İşyeri demokrasisi, daha çok sınıfsal dinamiklerin belirleyici olduğu ve talepler açısından daha odaklanmış bir yaklaşım olsa da doğrudan demokrasiye ve genişletilmiş bir katılım sürecine yakınlığı nedeniyle toplumun dezavantajlı kesimleri açısından kullanılabilir. Son aylarda dikkat çeken işçi mücadeleleri işyeri demokrasisinin ve bunun gelişimini besleyecek bir proleter kamusal alanın önemini bir kere daha gözler önüne serdi. İşyeri demokrasisine dair deneyimler demokrasi pratiğinin farklı ölçeklere ve farklı alanlara aktarımı açısından bir öğrenme süreci yaratacaktır.
Bir başka seçenek ise Charles Tilly tarafından kavramsallaştırılan mücadeleci siyaset yaklaşımı. Mücadeleci siyaset devlet ve devlet dışı aktörler arasındaki mücadeleye odaklanır ve toplumsal taleplerin kolektif bir eylemlilik haliyle siyasi arenaya taşınmasını ifade eder. Mücadeleci siyaset, toplumsal hareketlerden ve sivil toplum örgütlenmesinden farklı olarak, toplumsal taleplerin siyasi arenaya taşınması ve farklı eylem repertuarları aracılığıyla devletin müzakereye veya politika değişikliğine zorlanması anlamına geliyor.

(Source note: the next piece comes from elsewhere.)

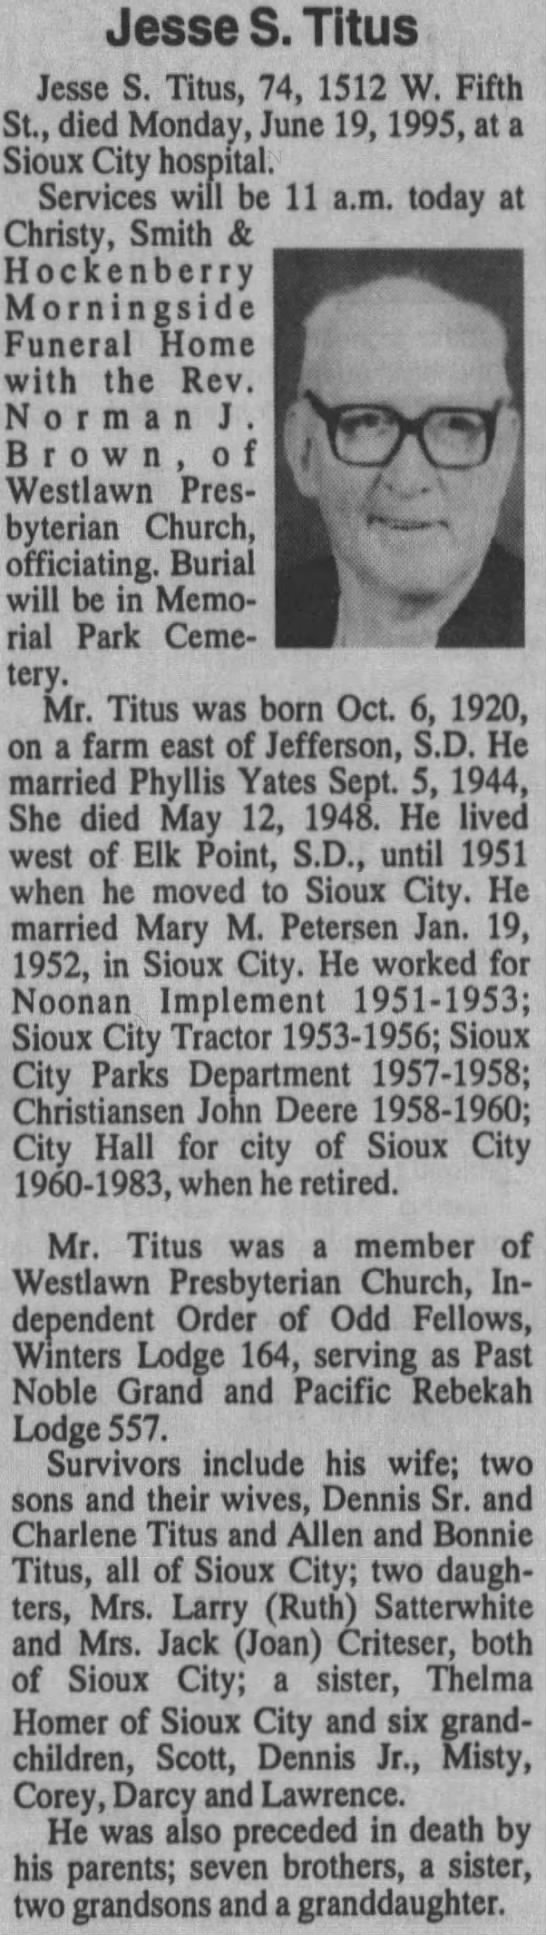 Obituary for Jesse S. Titus, 1920-1995 (Aged 74)

Bütün bu seçenekler bildiğimiz demokrasi pratiğinin, halkın seçimlere indirgenmiş siyasi varlığının sorgulanması, değiştirilmesi ya da iyileştirilmesi gerektiğini gösteriyor. Seçmen davranışına yönelik kalıp yargılar, defalarca test edilmiş, onaylanmış ama hiçbir şey değiştirmeyen analizler, kamuoyu yoklamaları ve hevesli ama etkinlikten uzak muhalefet atmosferinde halkın sesi kaybolup gidiyor. Aslında seçimler hiçbir şeyi değiştirmiyor. Seçim akşamı haritanın değişen renklerine karşı siyasetin rengi aynı kalıyor. Sırf bu yüzden belki seçimler yerine birlikte yaşamayı kolaylaştıracak yeni seçenekler üzerinde durmak gerekiyor.